De acuerdo con el director de la PNC, Mauricio Ramírez Landaverde, los siete jóvenes tenían vínculos con la MS-13, mientras que la mujer aparentemente mantenía una relación también con un miembro de esa organización criminal.

En la casa de Ruano había muchas personas que permanecían en la fiesta, bailando con música de una discomóvil, sin embargo, se presume los asesinos fueron directo a la mesa donde los siete hombres departían y los ejecutaron.
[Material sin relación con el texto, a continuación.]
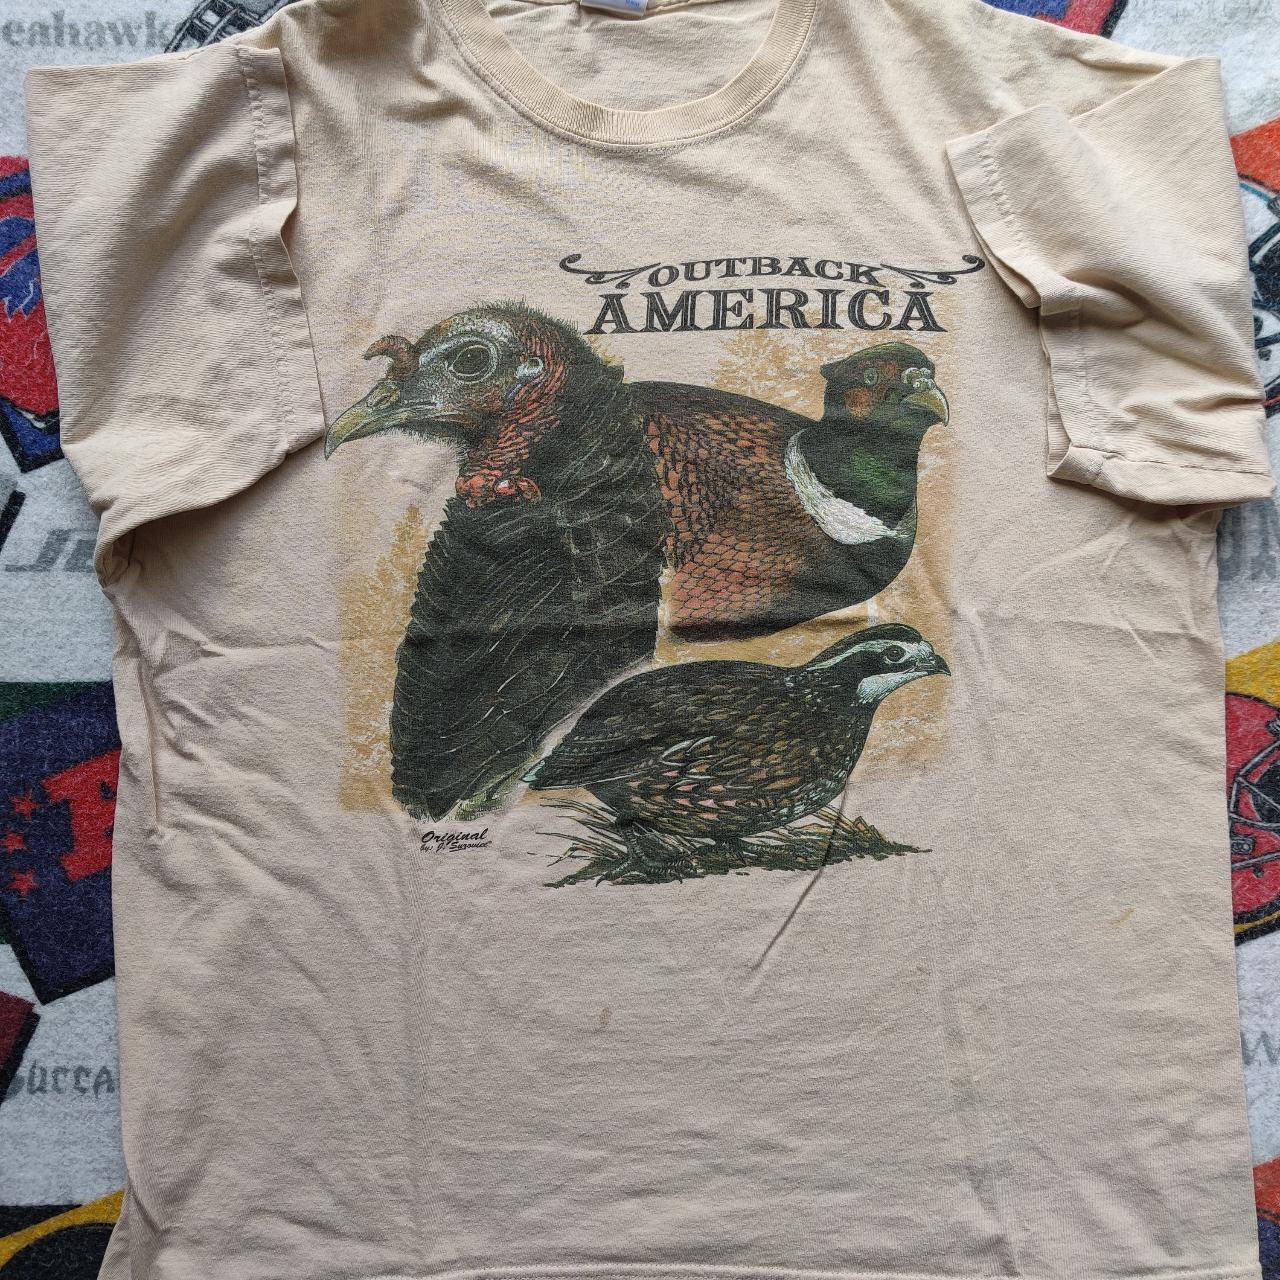 Product Image 1 - Vintage Outback America T-Shirt
Used in

Uno de los invitados dijo a que los atacantes fueron tres, que llegaron con los rostros cubiertos con gorros navarone, vestidos con ropas oscuras.

Uno de los asesinos se dirigió a él y le mencionó el apodo con que es conocido en el sector y le dijo que lo mataría, colocándole una pistola en la cabeza. El testigo dice que solo alcanzó a preguntarle por qué lo mataría, si él no se metía en problemas con nadie.

El encapuchado se fue. Luego escuchó una balacera que duró varios minutos y los atacantes desaparecieron.

Todos los invitados que a esa hora permanecían en la fiesta huyeron horrorizados. La música cesó. Cuando todo quedó en silencio, el hombre al que le habían puesto la pistola en la cabeza vio que entre los ejecutados estaba uno de sus hijos.

Personas de casas vecinas a donde fueron ejecutados los siete hombres dijeron que despertaron al escuchar las explosiones, pero creyeron que eran cohetes, como parte de la celebración.

El jefe fiscal Antihomicidios, Óscar Torres, indicó que varios de los cadáveres tenían tatuajes alusivos a la MS.

Ramírez Landaverde también explicó que, en el caso de Cristian Eliseo Romero, se tenía pendiente una orden de captura por asesinato. Dos más ya tenía antecedentes policiales.

Mientras Edgardo Misael Morán Acosta había sido procesado por el homicidio de José Adán Dimas Argueta, un agricultor que fue asesinado el 29 de octubre de 2007 en Nahulingo, siempre en Sonsonate.